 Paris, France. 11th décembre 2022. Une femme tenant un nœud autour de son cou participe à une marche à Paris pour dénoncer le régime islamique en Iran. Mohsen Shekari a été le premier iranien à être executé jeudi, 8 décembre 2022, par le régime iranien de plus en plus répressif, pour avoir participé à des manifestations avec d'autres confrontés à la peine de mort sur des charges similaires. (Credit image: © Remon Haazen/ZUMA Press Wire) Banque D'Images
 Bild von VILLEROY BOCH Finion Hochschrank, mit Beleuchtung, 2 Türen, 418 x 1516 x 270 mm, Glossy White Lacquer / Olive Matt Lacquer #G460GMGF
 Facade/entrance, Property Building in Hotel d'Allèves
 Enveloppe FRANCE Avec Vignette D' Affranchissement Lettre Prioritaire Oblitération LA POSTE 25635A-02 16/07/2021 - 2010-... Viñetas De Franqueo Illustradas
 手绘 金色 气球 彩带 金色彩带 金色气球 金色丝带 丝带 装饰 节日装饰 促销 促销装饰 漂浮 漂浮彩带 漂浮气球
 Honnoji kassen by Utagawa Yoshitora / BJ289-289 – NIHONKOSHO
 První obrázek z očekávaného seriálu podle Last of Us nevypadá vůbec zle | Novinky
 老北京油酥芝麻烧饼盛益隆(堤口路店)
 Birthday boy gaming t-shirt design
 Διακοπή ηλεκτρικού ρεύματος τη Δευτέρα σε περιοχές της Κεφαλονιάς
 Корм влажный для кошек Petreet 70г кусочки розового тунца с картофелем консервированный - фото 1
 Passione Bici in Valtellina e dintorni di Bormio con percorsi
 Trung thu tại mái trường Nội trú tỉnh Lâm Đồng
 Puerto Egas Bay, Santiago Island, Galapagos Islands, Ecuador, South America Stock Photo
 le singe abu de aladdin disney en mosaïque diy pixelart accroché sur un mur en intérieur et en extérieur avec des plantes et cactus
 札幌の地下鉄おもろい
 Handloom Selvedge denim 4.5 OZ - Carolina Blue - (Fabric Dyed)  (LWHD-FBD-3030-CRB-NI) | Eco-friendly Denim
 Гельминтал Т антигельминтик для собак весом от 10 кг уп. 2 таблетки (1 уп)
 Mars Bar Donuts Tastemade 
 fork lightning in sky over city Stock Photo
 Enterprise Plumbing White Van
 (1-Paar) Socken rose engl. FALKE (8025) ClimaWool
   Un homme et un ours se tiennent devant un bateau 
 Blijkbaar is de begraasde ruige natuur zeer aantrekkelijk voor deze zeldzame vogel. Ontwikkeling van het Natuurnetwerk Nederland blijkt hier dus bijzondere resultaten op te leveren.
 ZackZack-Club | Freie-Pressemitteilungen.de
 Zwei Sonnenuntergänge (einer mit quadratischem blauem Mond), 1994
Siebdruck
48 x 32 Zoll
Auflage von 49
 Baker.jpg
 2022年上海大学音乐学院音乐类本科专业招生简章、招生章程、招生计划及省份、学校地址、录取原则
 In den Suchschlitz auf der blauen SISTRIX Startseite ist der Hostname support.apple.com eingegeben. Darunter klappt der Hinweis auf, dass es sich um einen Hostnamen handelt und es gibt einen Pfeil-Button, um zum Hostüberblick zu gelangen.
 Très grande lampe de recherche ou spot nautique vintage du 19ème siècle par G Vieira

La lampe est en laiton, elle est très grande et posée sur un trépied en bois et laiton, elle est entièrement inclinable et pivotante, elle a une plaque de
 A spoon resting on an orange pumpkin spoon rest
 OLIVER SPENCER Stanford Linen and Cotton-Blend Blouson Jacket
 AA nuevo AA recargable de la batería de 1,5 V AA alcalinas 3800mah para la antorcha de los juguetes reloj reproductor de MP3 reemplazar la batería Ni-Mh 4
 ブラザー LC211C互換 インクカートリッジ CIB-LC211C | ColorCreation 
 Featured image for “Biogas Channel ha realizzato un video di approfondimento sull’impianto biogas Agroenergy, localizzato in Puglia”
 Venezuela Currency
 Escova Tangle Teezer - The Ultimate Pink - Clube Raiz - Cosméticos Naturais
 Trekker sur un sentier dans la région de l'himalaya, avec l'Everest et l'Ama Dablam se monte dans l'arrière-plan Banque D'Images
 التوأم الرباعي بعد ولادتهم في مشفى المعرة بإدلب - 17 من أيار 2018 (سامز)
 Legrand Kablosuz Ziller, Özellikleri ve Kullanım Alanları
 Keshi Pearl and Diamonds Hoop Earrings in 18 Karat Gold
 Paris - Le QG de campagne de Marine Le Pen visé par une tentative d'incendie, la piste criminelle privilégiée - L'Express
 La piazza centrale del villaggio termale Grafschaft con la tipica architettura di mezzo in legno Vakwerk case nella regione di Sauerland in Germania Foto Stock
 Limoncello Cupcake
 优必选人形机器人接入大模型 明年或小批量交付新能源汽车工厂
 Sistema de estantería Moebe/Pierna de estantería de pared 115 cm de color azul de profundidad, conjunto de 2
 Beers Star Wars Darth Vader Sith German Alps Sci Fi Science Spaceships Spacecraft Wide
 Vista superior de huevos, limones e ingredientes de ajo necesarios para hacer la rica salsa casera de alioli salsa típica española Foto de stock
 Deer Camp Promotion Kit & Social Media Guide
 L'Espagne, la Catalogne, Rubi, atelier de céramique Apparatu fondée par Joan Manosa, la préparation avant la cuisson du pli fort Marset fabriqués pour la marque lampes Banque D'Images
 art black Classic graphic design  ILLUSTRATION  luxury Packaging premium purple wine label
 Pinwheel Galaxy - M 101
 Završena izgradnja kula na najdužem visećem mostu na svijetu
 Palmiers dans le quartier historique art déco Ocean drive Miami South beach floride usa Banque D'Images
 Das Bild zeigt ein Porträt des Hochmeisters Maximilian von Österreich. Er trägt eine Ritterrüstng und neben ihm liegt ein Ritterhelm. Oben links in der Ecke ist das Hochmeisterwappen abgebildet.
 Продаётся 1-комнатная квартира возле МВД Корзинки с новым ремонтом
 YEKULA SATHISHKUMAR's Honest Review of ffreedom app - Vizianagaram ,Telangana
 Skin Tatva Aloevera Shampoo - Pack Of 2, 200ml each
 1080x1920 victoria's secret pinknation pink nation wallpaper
_____
## TASK REQUIREMENTS:
Every line of the listing that holds "Bild" should be found and copied.

## RESPONSE FOR THIS EXERCISE:
 Bild von VILLEROY BOCH Finion Hochschrank, mit Beleuchtung, 2 Türen, 418 x 1516 x 270 mm, Glossy White Lacquer / Olive Matt Lacquer #G460GMGF
 Das Bild zeigt ein Porträt des Hochmeisters Maximilian von Österreich. Er trägt eine Ritterrüstng und neben ihm liegt ein Ritterhelm. Oben links in der Ecke ist das Hochmeisterwappen abgebildet.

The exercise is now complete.